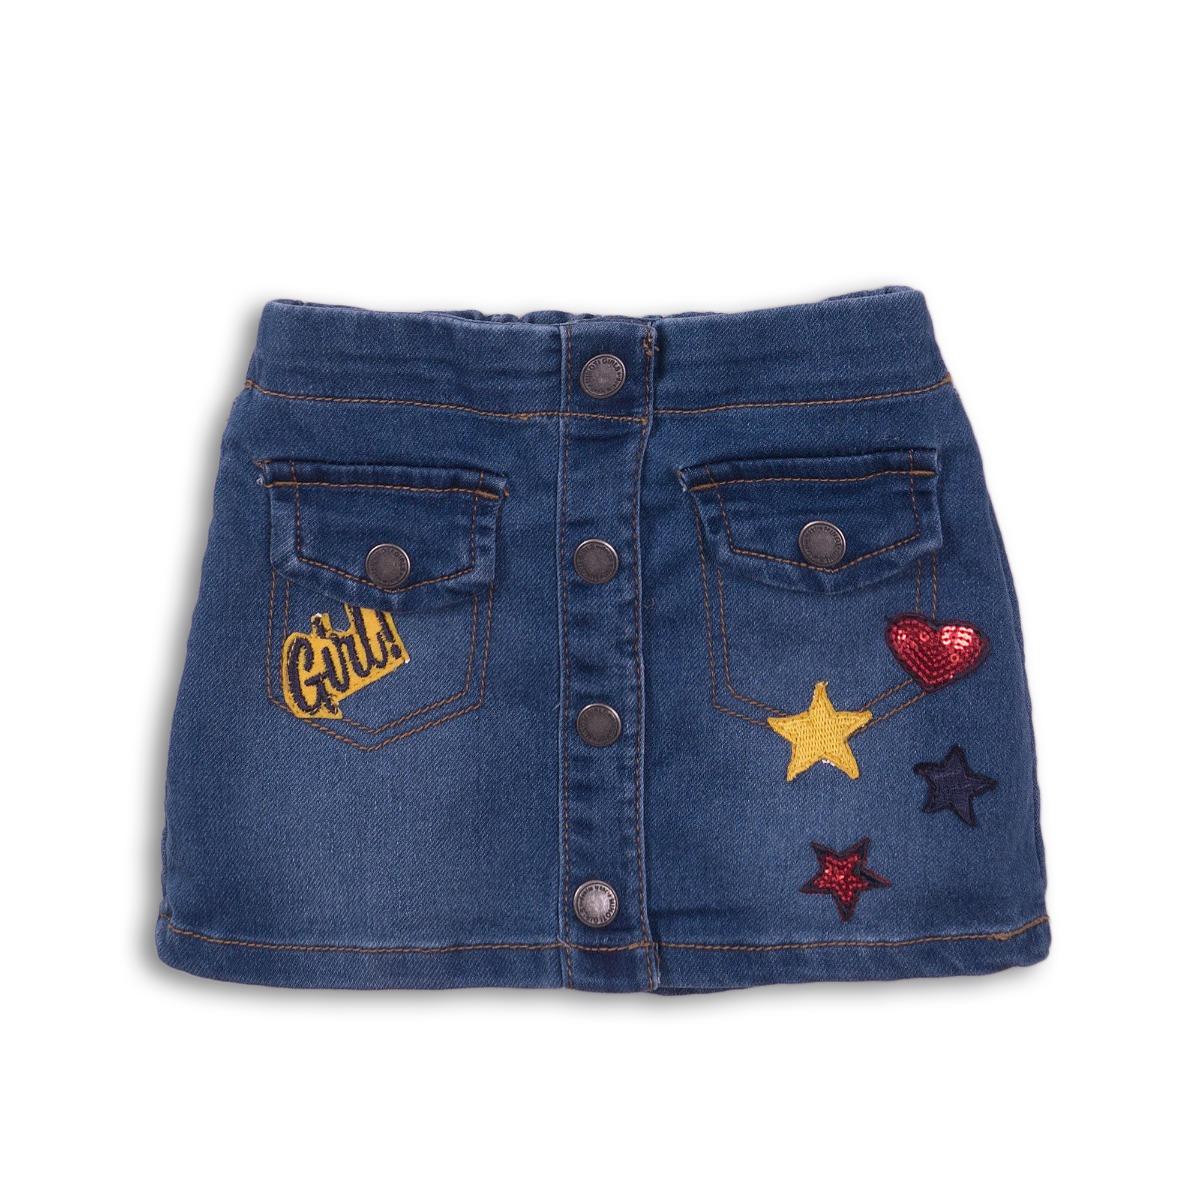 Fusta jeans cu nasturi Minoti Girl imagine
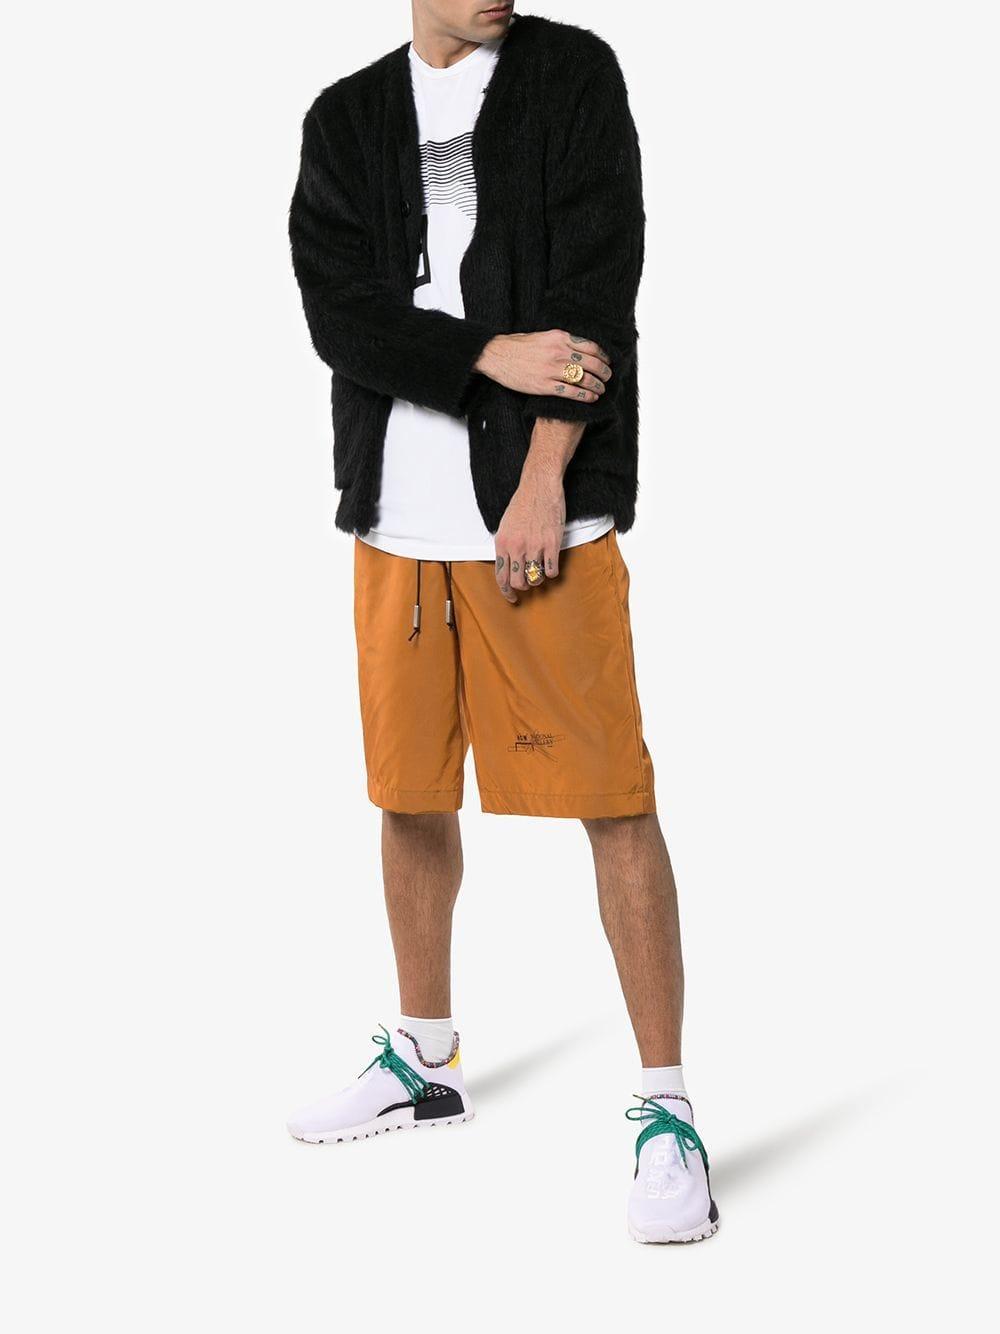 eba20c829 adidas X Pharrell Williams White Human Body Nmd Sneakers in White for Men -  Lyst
...
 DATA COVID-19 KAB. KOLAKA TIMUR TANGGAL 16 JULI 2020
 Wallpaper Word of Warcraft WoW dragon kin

▶ _Your objective_
Go to the line above that contains "Fusta jeans cu nasturi Minoti Girl imagine" and reproduce everything exactly from there through the line that contains "eba20c829 adidas X", leaving out the pictures.

▶ _Answer to this task_
 Fusta jeans cu nasturi Minoti Girl imagine
 eba20c829 adidas X Pharrell Williams White Human Body Nmd Sneakers in White for Men -  Lyst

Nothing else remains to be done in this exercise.